Near-infrared Spectroscopy (NIRS) Measurement

Most biological tissue is relatively transparent to near-infrared light between apparently 700–1000 nm because water absorption and hemoglobin absorption are relatively small within this wavelength region [36]. Once the brain tissue is irradiated with near-infrared light, the light propagates through the brain tissue. Propagation of near-infrared light through the brain tissue is dependent on absorption and scattering. Near-infrared light is thought to travel through a banana-shaped trajectory from a light source probe to a detector, penetrating the surface of the cortex [37]. The modified Beer-Lambert law, which provides the physical and mathematical basis for NIRS, enables us to continuously measure concentration changes in oxyhemoglobin (oxy-Hb) and deoxyhemoglobin (deoxy-Hb) by assuming that scattering is constant during the measurement [36][38]. Total hemoglobin (total-Hb) is calculated as the sum of oxy-Hb and deoxy-Hb. Cerebral oxygenation was expressed as oxy-Hb/total-Hb×100 (i.e. as a percentage). Despite several limitations [31], [37], [39], NIRS allows the measurement of hemoglobin concentrations and cerebral oxygenation qualitatively during exercise in a non-invasive manner.

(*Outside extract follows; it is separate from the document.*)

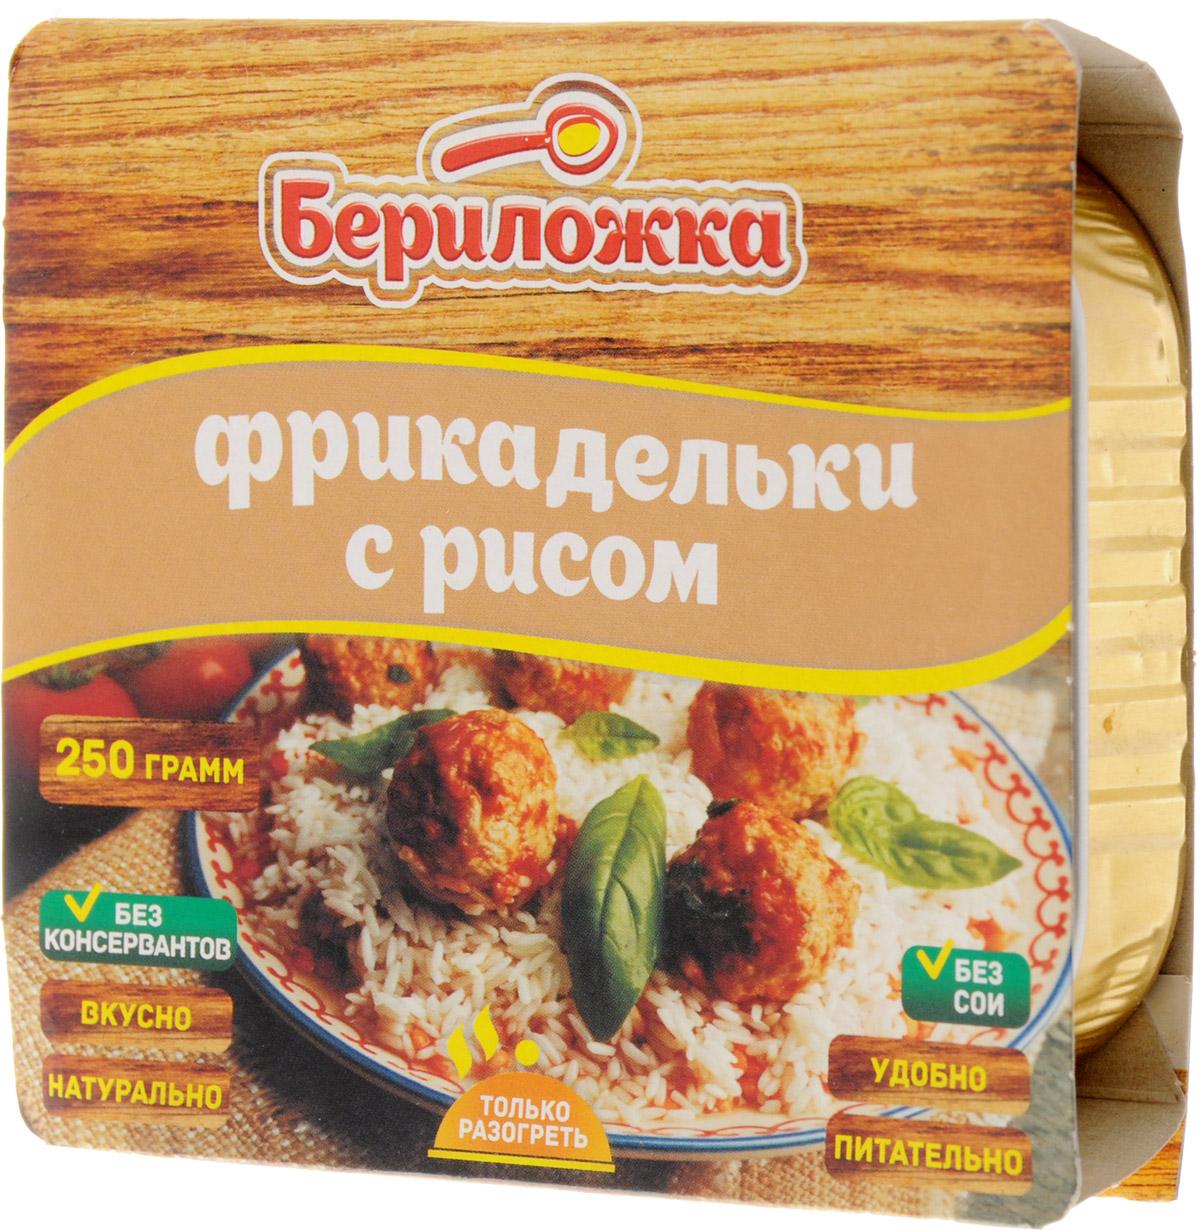 Бериложка фрикадельки с рисом, 250 г0120710Фрикадельки с рисом Бериложка - стерилизованные мясорастительные консервы. Вкусно, натурально, удобно и питательно.Без консервантов, без сои. Продукт не содержит ГМО!Уважаемые клиенты! Обращаем ваше внимание, что полный перечень состава продукта представлен на дополнительном изображении.

In, the present study, we used a NIRS system (BOM-L1 TRW, Omegawave, Tokyo, Japan) to monitor the hemoglobin concentrations and cerebral oxygenation. The analog outputs were digitized using a Powerlab analog-to-digital converter (ML795 Powerlab/16sp, A/D Instruments Japan). A probe holder was attached at the left side of the forehead, and a black cloth was wrapped around the probe holder to shield it from ambient light. The probe holder contained one light source probe and two detectors placed at 2 cm (detector 1) and 4 cm (detector 2) from the source. The source generated three wavelengths of near-infrared light (780, 810, and 830 nm). The actual length of the path which near-infrared light travels is several times the distance between the light source probe and the detector. Hence, hemoglobin concentrations were corrected by an age-dependent differential path-lengthfactor [40]. The hemoglobin concentrations received by detector 1 were then subtracted from those received by detector 2 to minimize the effects of near-surface blood flow (e.g., skin blood flow) on hemoglobin concentrations in the cortical tissue [30], [33]. Cerebral oxygenation was expressed as oxy-Hb/total-Hb×100 (i.e. as a percentage).

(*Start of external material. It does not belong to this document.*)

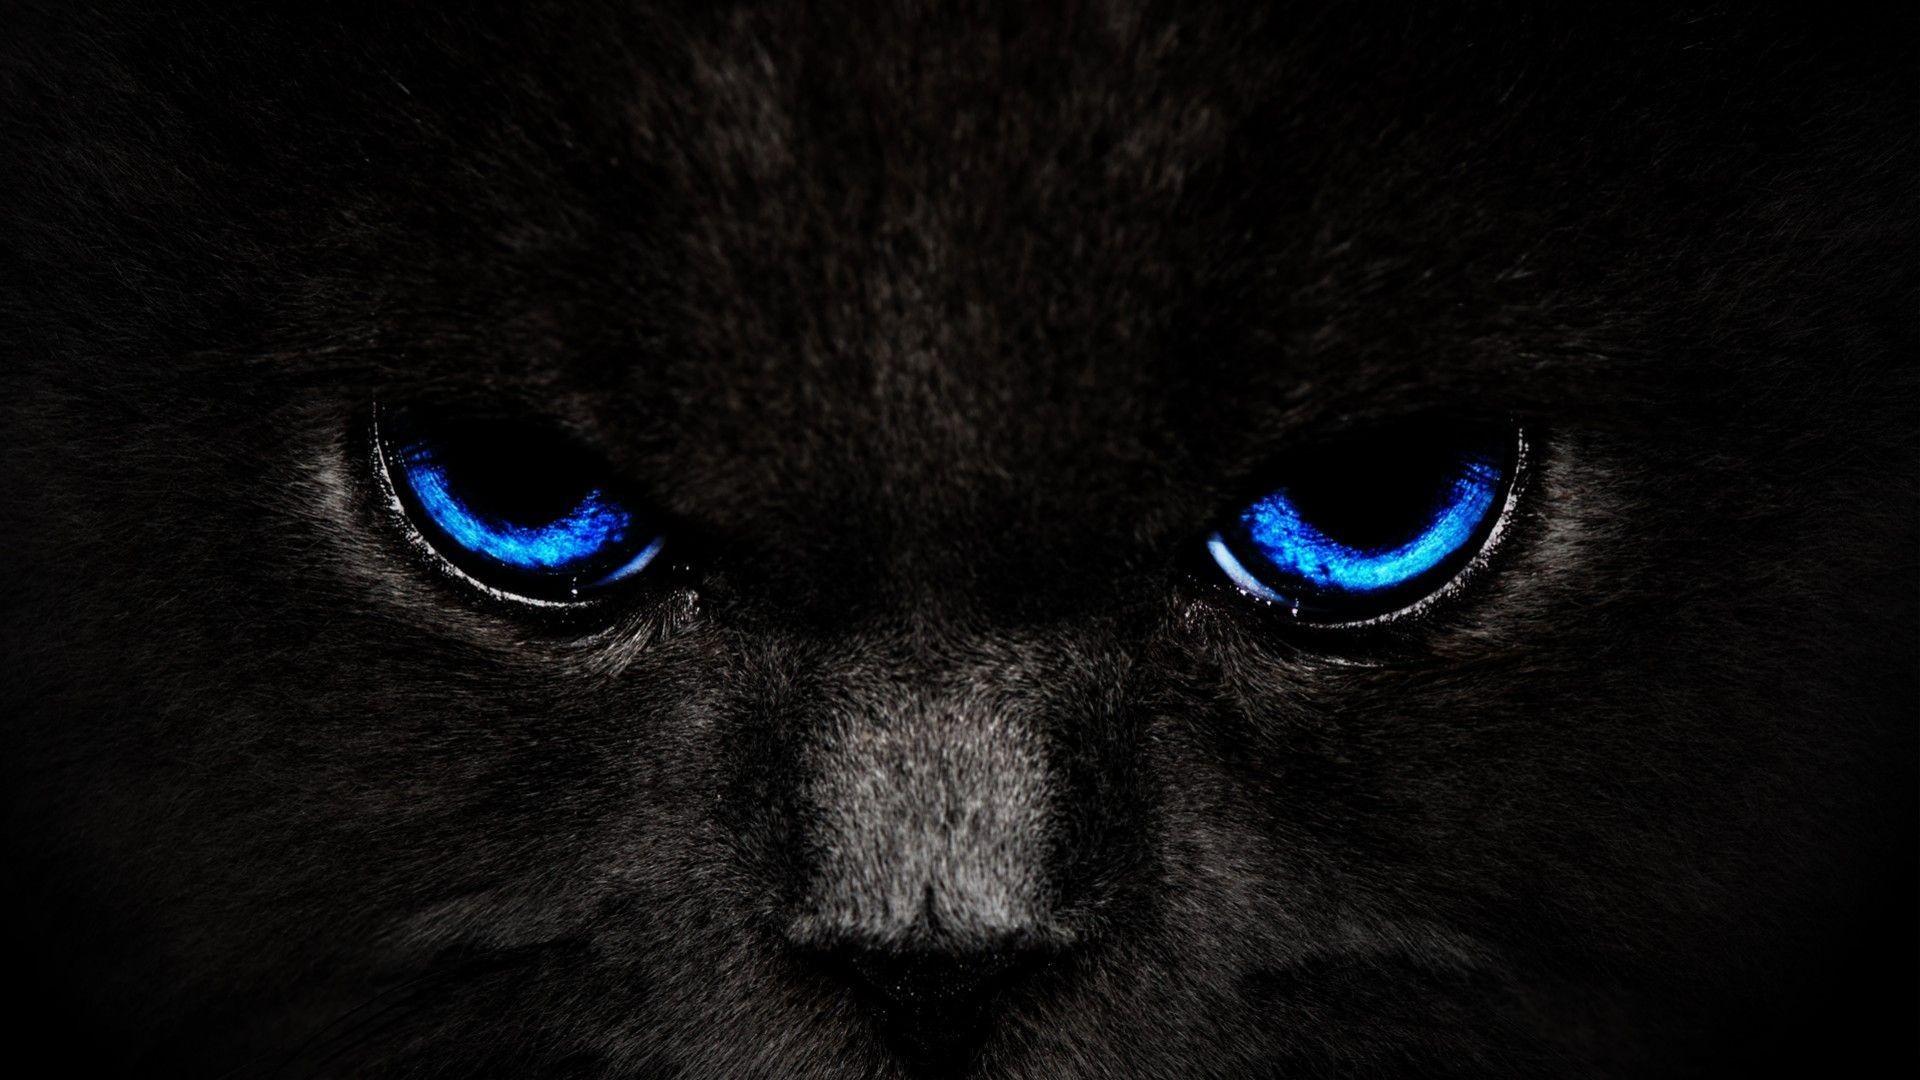 60 Cool Cat Hd

Before the cognitive task at rest, we measured hemoglobin concentrations for 30 s as a baseline while participants were at rest on the ergometer. Hemoglobin concentrations and cerebral oxygenation during the cognitive tasks was expressed relative to the baseline under normoxia. We used the nasion, eyebrow, and hairline as landmarks on the forehead to make sure that the probe holder was set at the same position on different experimental days [30].

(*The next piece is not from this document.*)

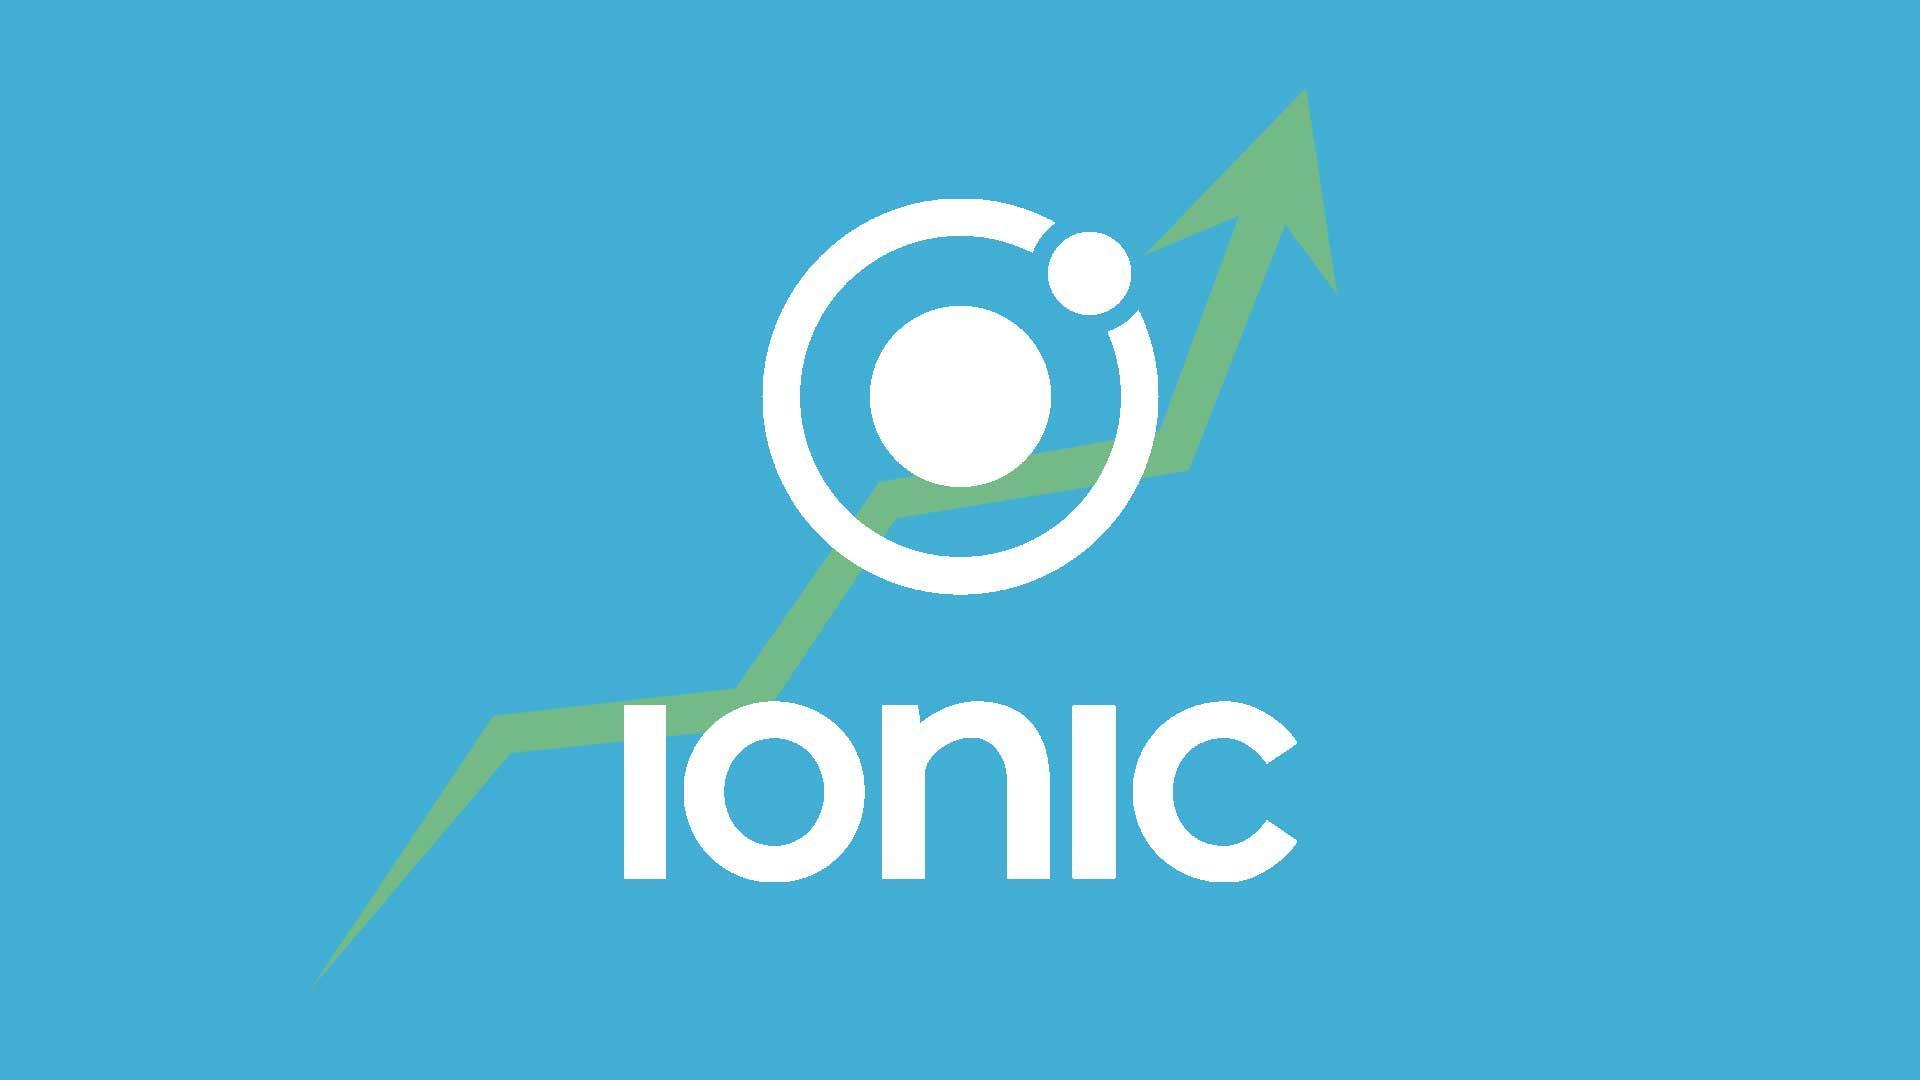 Evoluindo no estudo da utilização de Ionic como framework de App Híbrido

Data and Statistical Analysis

HR, SpO2, cerebral oxygenation, hemoglobin concentrations were averaged during the cognitive tasks at rest and during exercise. We used two-way repeated-measures ANOVA with FIO2 level (0.209, 0.18, or 0.15) and exercise (rest or exercise) as the within-subjects factors for each dependent variable. The degree of freedom was corrected using the Huynh Feldt Epsilon when the assumption of sphericity was violated. Tukey’s post hoc test or paired t-tests were conducted to compare differences where appropriate. All data are expressed as mean ± SD. The significance level was set at P<0.05.

Results

Physiological Parameters, SpO2, Cerebral Oxygenation, and Hemoglobin Concentrations

Table 1 summarizes the results of physiological parameters. There was a significant interaction on HR between FIO2 level and exercise [F(2,22) = 11.47, P<0.001]. The main effects of FIO2 level [F(1.46,16.03) = 5.70, P<0.05] and exercise [F(1,11) = 609.18, P<0.001] were also significant. By the same token, there was a significant interaction on RPE between FIO2 level and exercise [F(2,22) = 13.82, P<0.001]. The main effects of FIO2 level [F(2,22) = 9.22, P<0.01] and exercise [F(1,11) = 490.64, P<0.001] were significant. We observed significant increases in HR and RPE during exercise in all FIO2 conditions (P<0.001, respectively). HR was higher during exercise under hypoxia at 15% O2 compared with normoxia and hypoxia at 18% O2 (P<0.001, respectively). RPE was greater during exercise under hypoxia at 15% O2 compared with normoxia (P<0.001) and hypoxia at 18% O2 (P<0.01).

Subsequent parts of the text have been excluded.